Sister of Virginia Woolf, wife of critic Clive Bell, lover of painter Duncan Grant, and an accomplished artist herself, Vanessa Bell was a mainstay of the Bloomsbury group. As was only to be expected from this unconventional little group, Vanessa's personal life was a tangle of soap-opera proportions, including an illegitimate daughter fathered by Grant but raised as her husband's and a succession of Grant's male lovers among other eccentricities. Yet she was also an oddly conventional woman in many respects, maintaining her married name long after she'd deserted her husband to live with her lover, and devoting herself to her children in a shockingly (for Bloomsbury) maternal way. Though paint on canvas was her primary modality of expression, Vanessa Bell was also a talented writer, as evidenced in the Selected Letters of Vanessa Bell
In her introduction to the collection, editor Regina Marler writes:
To her children, her sister, her lovers, Vanessa wrote almost daily. On the whole, her reserve and shyness argued against written declarations of affection; she preferred to entertain, keeping up a teasing, ironic tone. She excelled in narratives of domestic chaos and embarrassment. She was forever spilling her inkpot down the front of her skirt, then describing the mess.

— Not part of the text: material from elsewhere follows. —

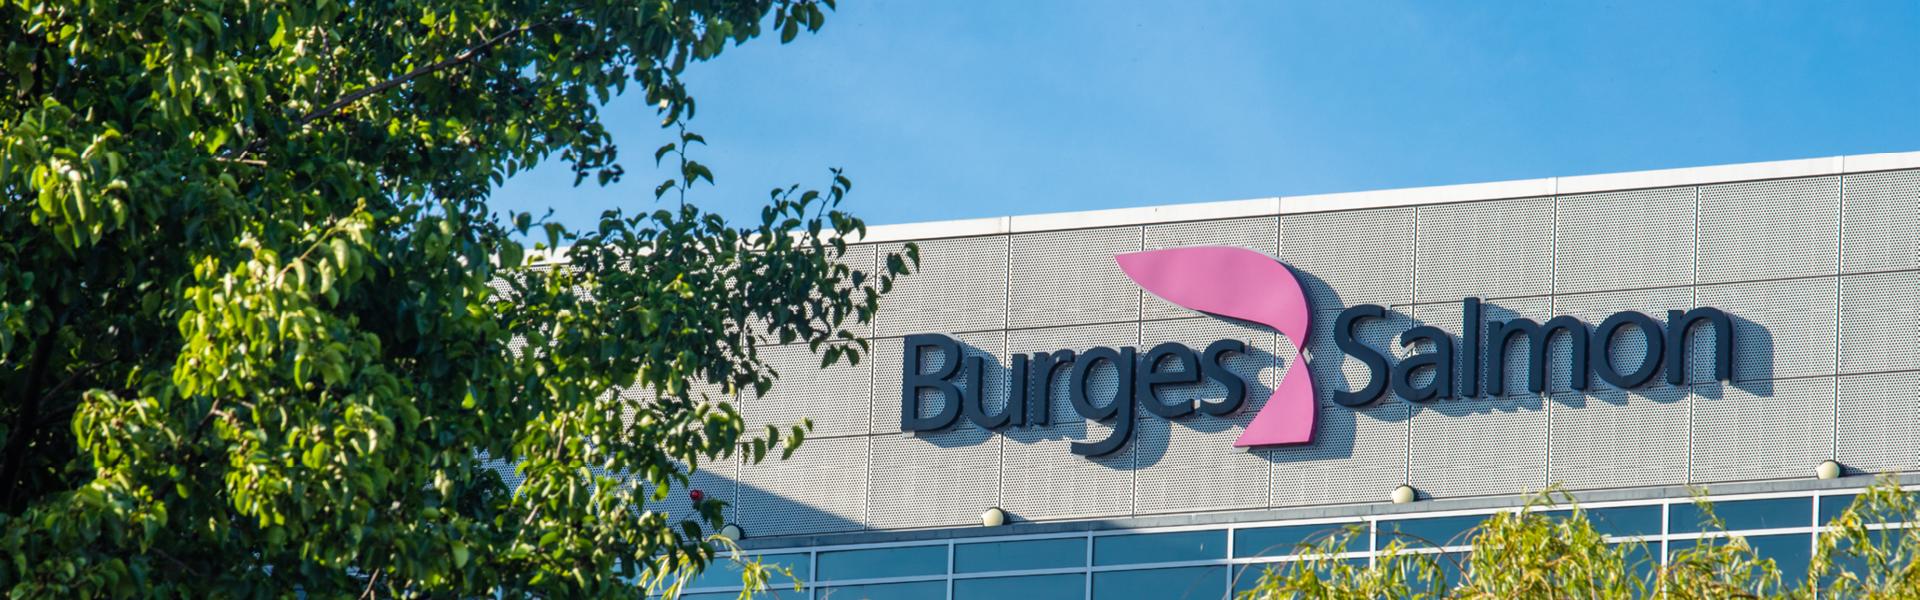 Burges Salmon logo through trees

The letters selected here reflect all this and more. Writing to her friend Margery Snowden while touring Italy, she describes an elderly woman "muttering imprecations and growling at her unfortunate daughter.... Shall I shock you if I tell you of her form of oath, when her unfortunate daughter happens to offend her? 'G-d d-amn you,' she shrieks at her." Vanessa then adds, charmingly, "I think dashes may make it less shocking..." Art, literature, domestic details, and personal relationships are among the subjects Vanessa Bell touches on, and taken together, this collection provides both a self-portrait of the artist and an intimate glimpse of the remarkable circle in which she moved. --Margaret Prior
From Publishers Weekly
Painter Vanessa Bell (1879-1961) conducted an intimate correspondence with fellow members of the circle of English artists and writers known as the Bloomsbury group. Published here for the first time in this collection edited by Marler, literary editor of the journal Aleh-zon , are more than 300 of Bell's letters, written between 1885 and 1961, accompanied by biographical essays and a foreword by Bell's son, Quentin. Included are her letters written to husband Clive Bell, to friends Lytton Strachey and Maynard Keynes, and to her lovers, art critic Roger Fry and painter Duncan Grant. The letters testify to Bell's passion for painting and to her commitment to an unconventional life. Those written to her sister, the writer Virginia Woolf, express both love and concern for Woolf's precarious mental health. Bell also wrote about the devastation she experienced over the death of her son, Duncan, during World War II, and Virginia's suicide in 1941. This is a valuable addition to Bloomsbury studies. Illustrations.